Unlocking Curiosity
Places and pathways in early childhood education
Abstract
Theoretical background or Context
Curiosity is an innate mechanism for children. It is the desire for knowledge, the first manifestation of what is intangible and moves the human being. Curiosity plays a fundamental role and is an important skill for a child to learn. Inspiring and developing curiosity allows children to be available and able to continually grow, learn and question what is around us. Although this construct has gained much attention in the last decade and the seemingly widespread agreement of its importance in the educational content, many strategies/practices and excessively rigid top-down structures existing in the educational and societal context, lead to a diminishing curiosity as children grow.
Aims
This research aims to (i) understand how early childhood educators manage curiosity in class, (ii) explore experiences of curiosity in the early childhood music classrooms and (iii) analyze the places and relationships of these experiences in music-making in childhood.
Methodology
This study was conducted using a qualitative, descriptive and interpretative approach. To investigate the research questions, we conducted semi-structured interviews with six early childhood educators to understand how they manage curiosity in classroom. The data were analyzed using thematic coding techniques. Framed by a participatory pedagogy, the second part of the study (ethnographic research strategy) was carried out in a multi-ethnic preschool in northern Portugal over a period of three months. Eighteen self-selected children participated in weekly sessions of experimentation and musical creation, 10 girls and 8 boys. Data collection techniques include (i) pedagogical documentation (the essence of action) of the children in the class context, and (ii) examination of participants' music-making products. The analysis procedures involve a hermeneutic phenomenological approach and implicate a continuous interplay between the action and the musical products of the children.
Results/Findings
Data analysis and triangulation show that: (i) the educators devote little time to fostering and stimulating children’s curiosity in class; (ii) brings out that the experiences of curiosity in class involve different behavioural characteristics and state aspects; (iii) what captivates and awakens curiosity and pleasure in discovery vary from child to child; (iv) creating music classrooms that opens the door to celebrate curiosity we nurture children's inner quest for musical knowledge, their delight in discovering new sounds and their emerging understanding of the world and music context around them.

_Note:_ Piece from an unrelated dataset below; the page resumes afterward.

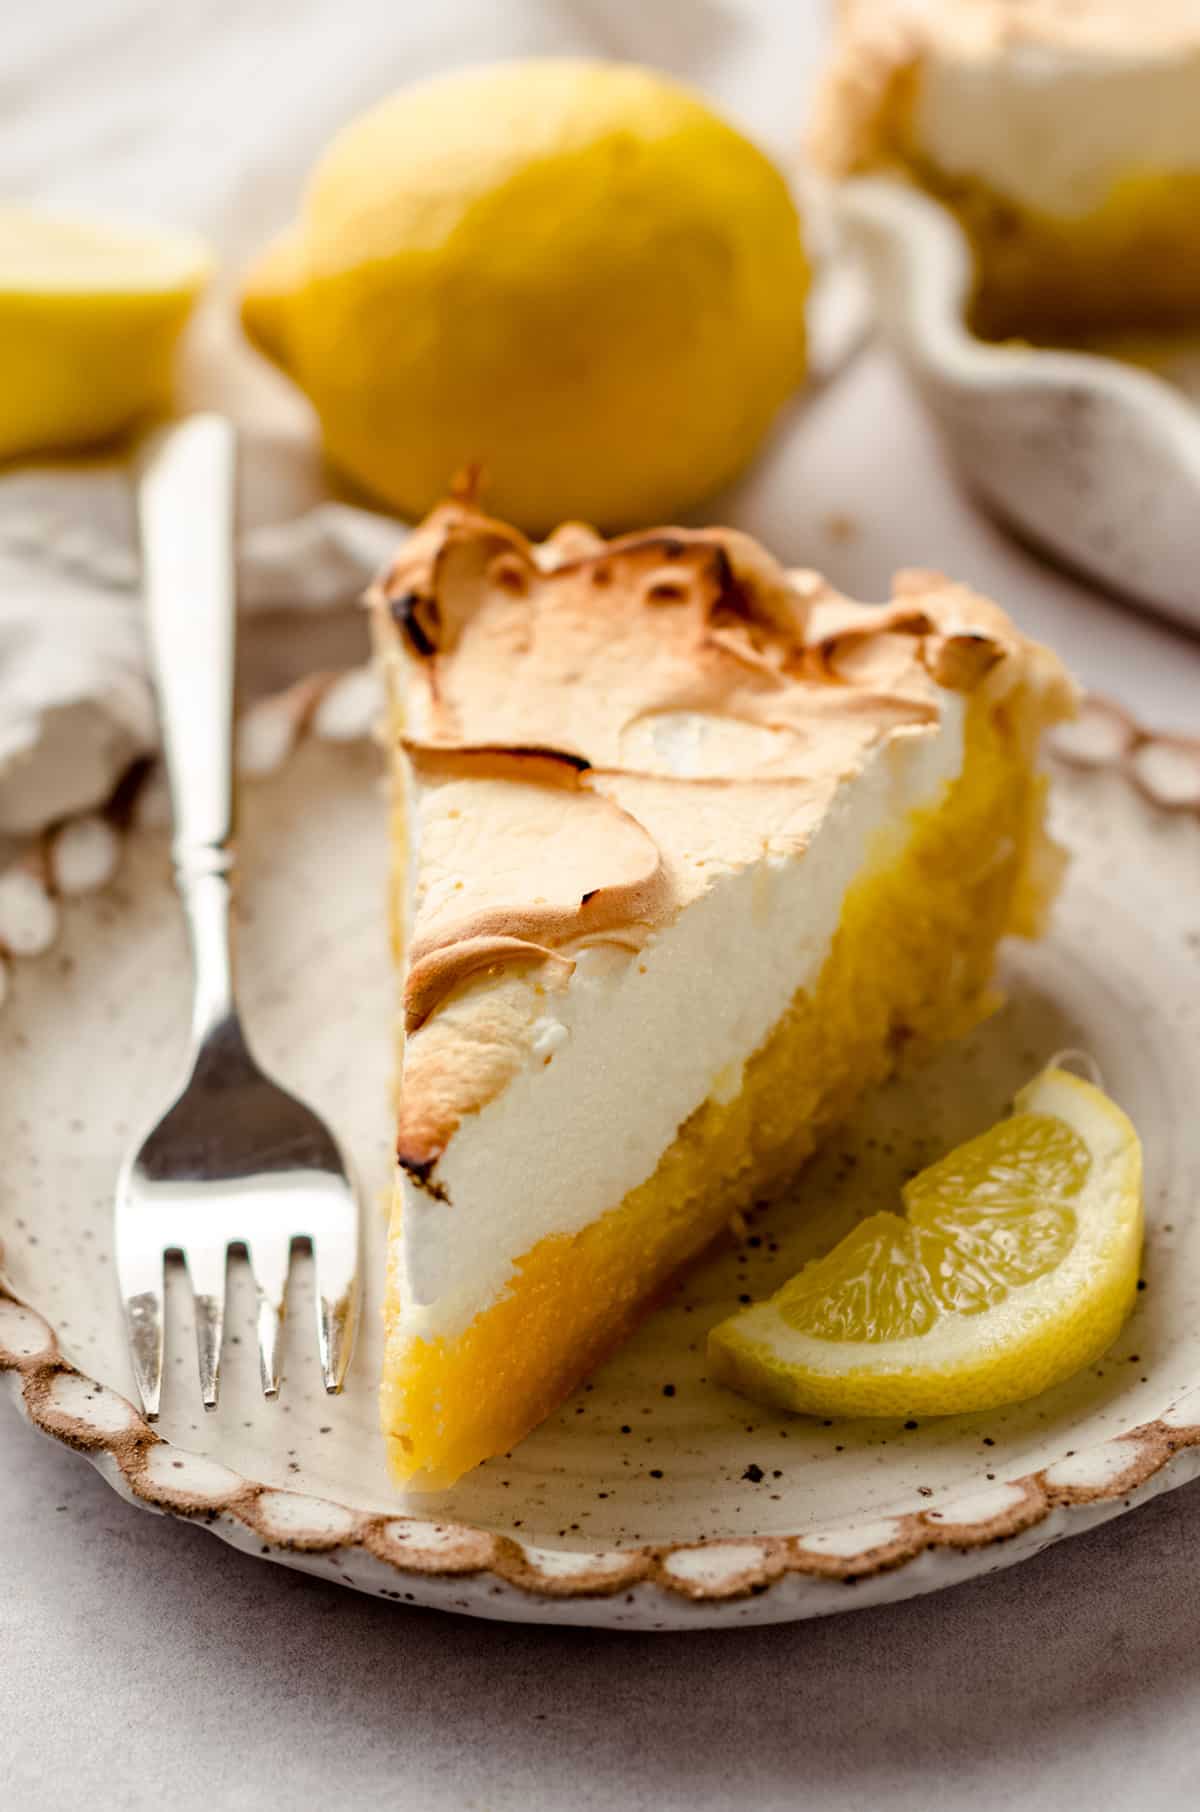 A slice of lemon meringue pie with lemons as garnish.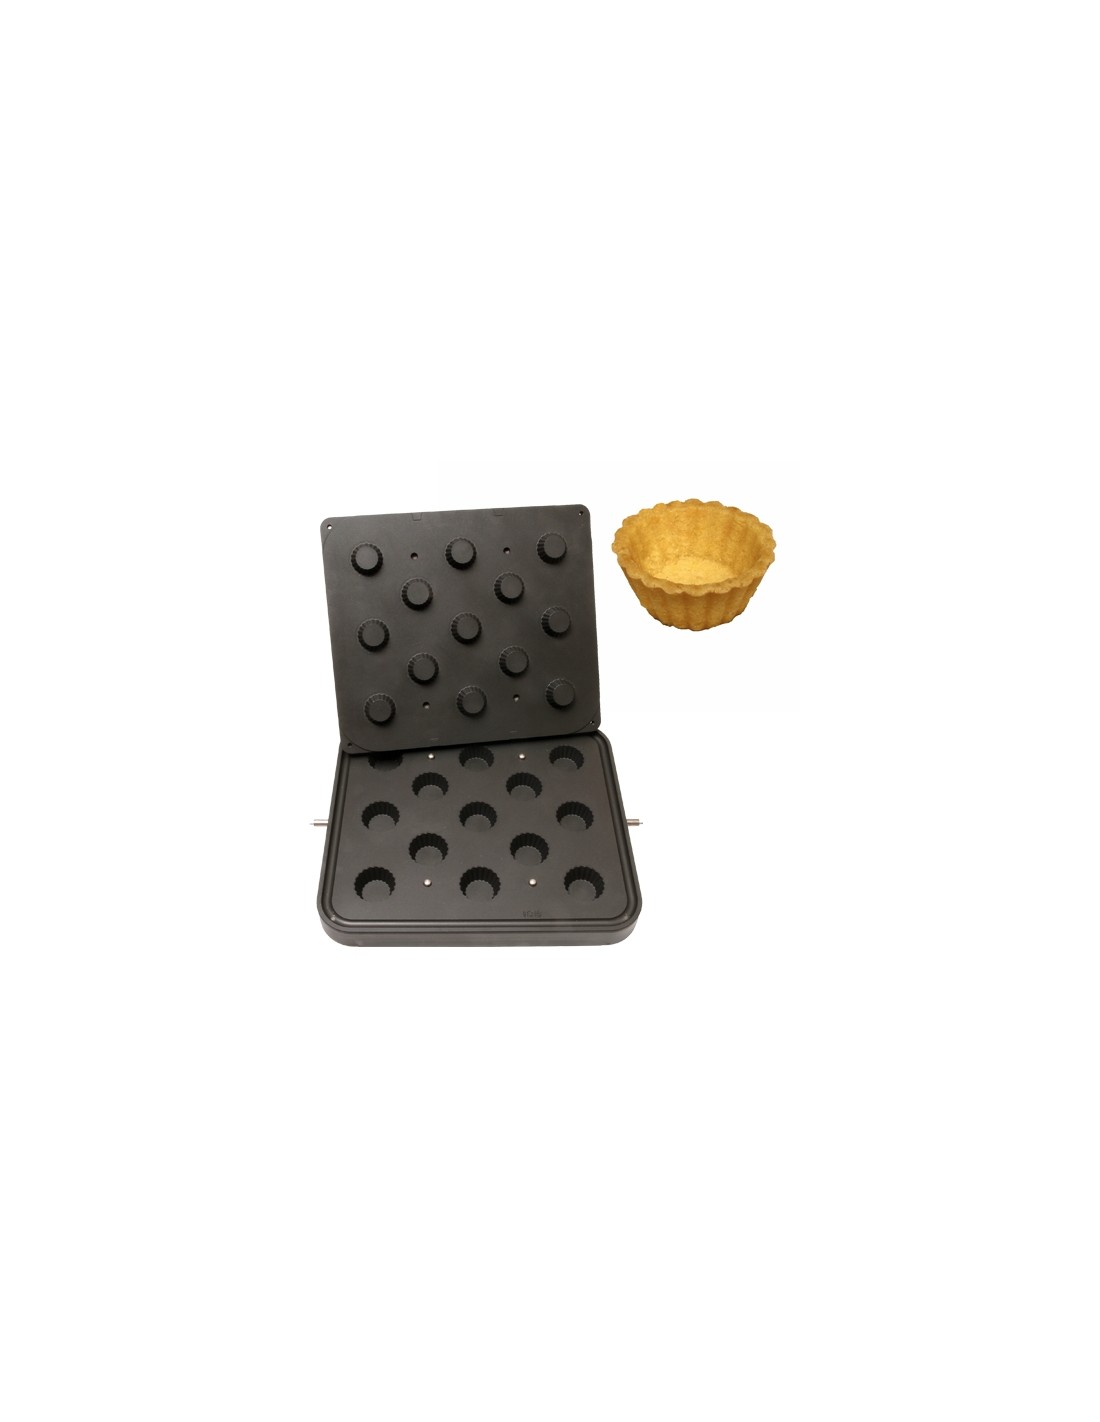 Cupcake plate - mm Ø sup 50 - inf 35 - h 21 - side 4-5 - bottom 4 - Impronte 13

Conclusions/Final considerations
As a complex and multidimensional construct, curiosity is widely beneficial and makes life worth living. Looking ahead is (i) important to define, measure and enlarge curiosity in early childhood and primary education, (ii) promote longitudinal studies to understand how childhood curiosity leads to holistic well-being and sustains its musical development throughout our lives, and (iii) create or take every opportunity to encourage curiosity in child to practice curiosity habits. Promoting curiosity in music classroom implies a predisposition and reconfiguration of the roles and functions of the various actors in the educational context.
References
Markey, A., & G. Loewenstein. 2014. “Curiosity.” In International Handbook of Emotions in Education, eds. R. Pekrun & L. Linnenbrink-Garcia, 246–264. London and New York: Routledge.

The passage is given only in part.